Content starts

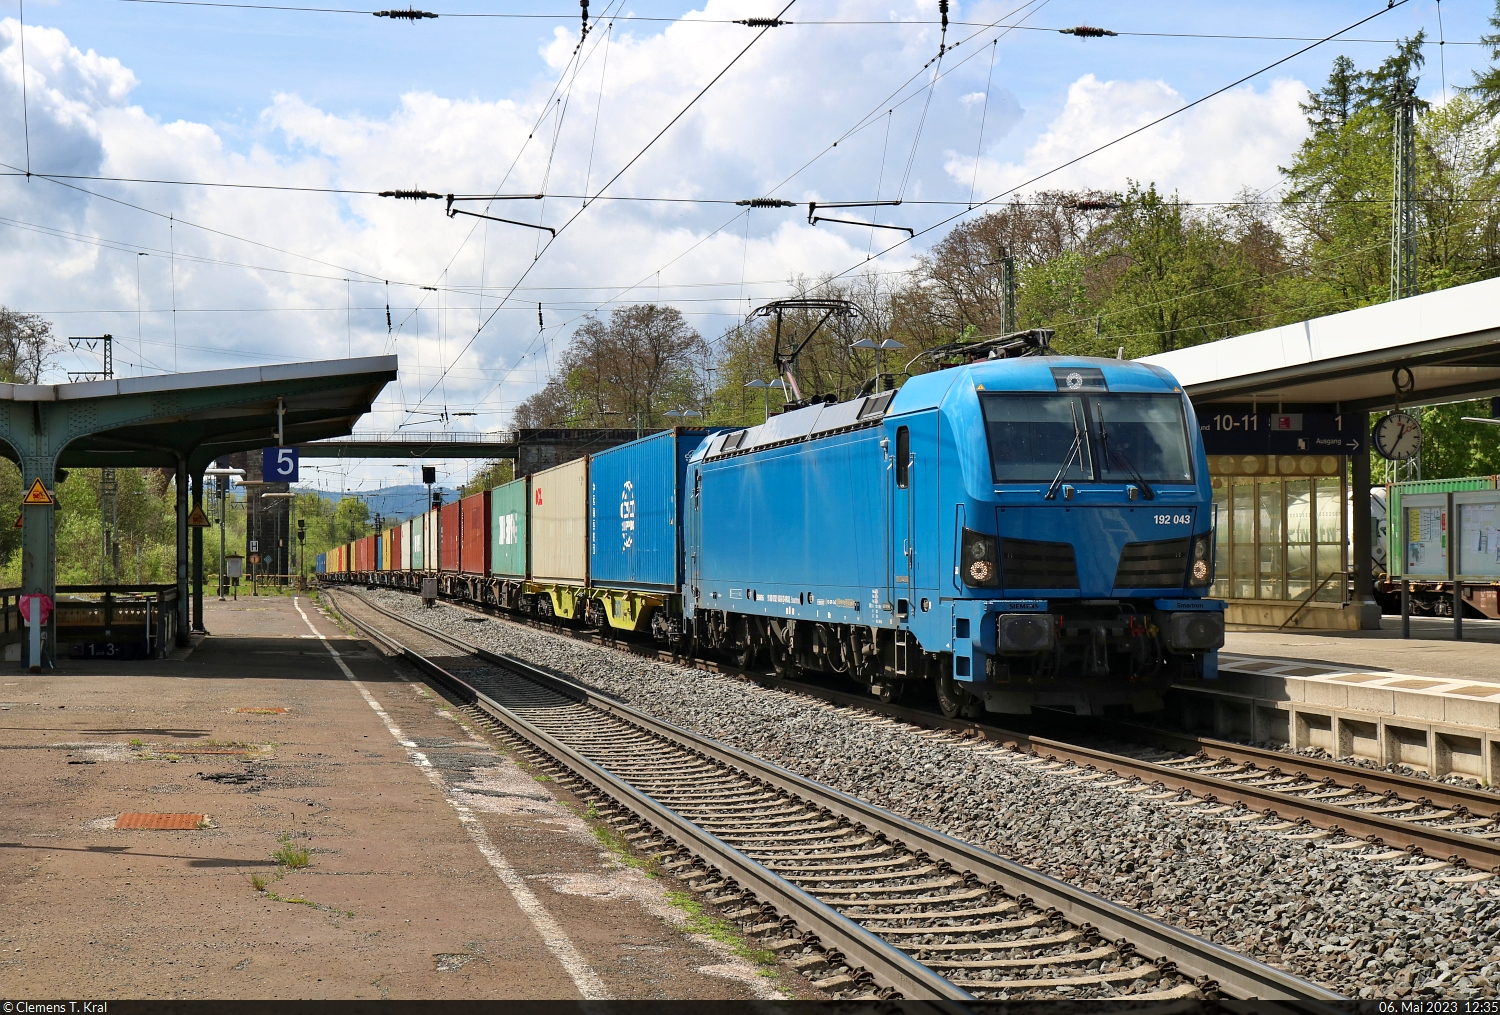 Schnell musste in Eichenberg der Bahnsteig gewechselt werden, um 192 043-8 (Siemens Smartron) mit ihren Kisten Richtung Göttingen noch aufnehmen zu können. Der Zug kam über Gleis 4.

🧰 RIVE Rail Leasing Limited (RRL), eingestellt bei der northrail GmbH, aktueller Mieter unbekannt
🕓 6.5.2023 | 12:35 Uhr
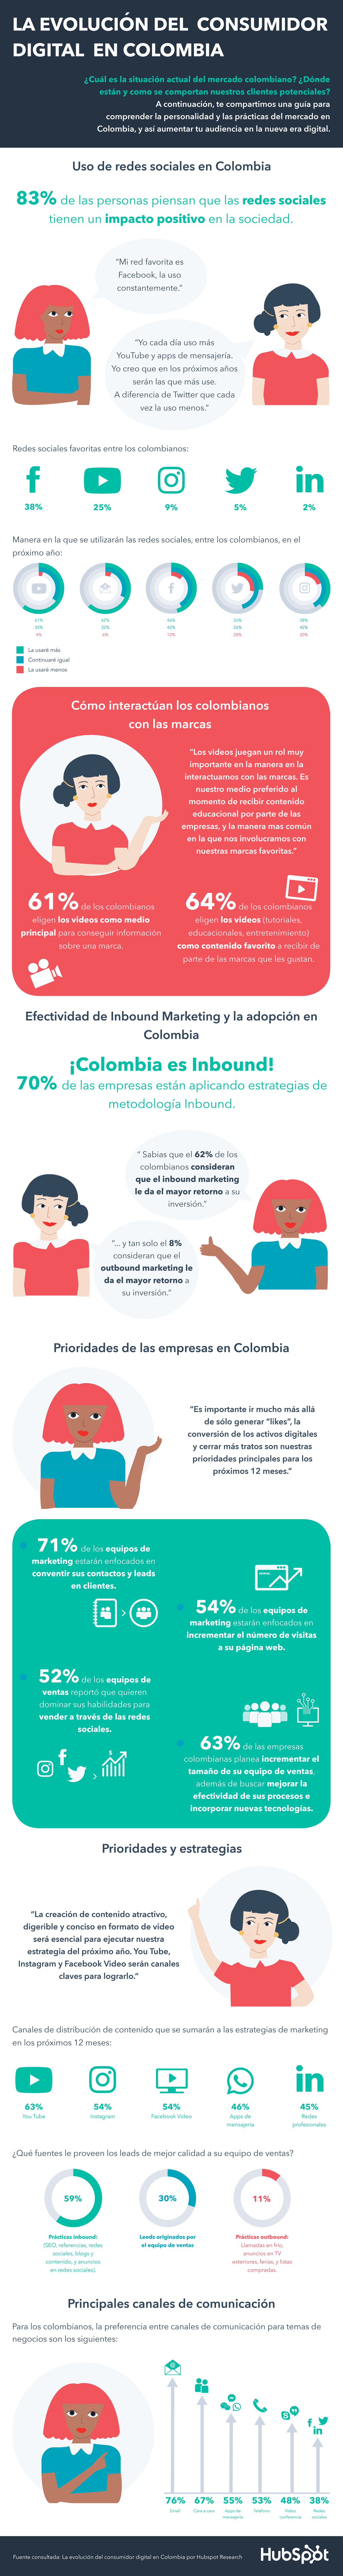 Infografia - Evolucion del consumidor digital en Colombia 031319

Content ends
Content starts

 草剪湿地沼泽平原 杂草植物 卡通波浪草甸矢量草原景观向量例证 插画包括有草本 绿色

Content ends

**Problem**
Exactly the lines above, from the one containing "Schnell musste in" down to the one containing "aktueller Mieter unbekannt", are to be repeated, including both ends. Pictures are not part of the copy.

**Answer to the problem**
 Schnell musste in Eichenberg der Bahnsteig gewechselt werden, um 192 043-8 (Siemens Smartron) mit ihren Kisten Richtung Göttingen noch aufnehmen zu können. Der Zug kam über Gleis 4.

🧰 RIVE Rail Leasing Limited (RRL), eingestellt bei der northrail GmbH, aktueller Mieter unbekannt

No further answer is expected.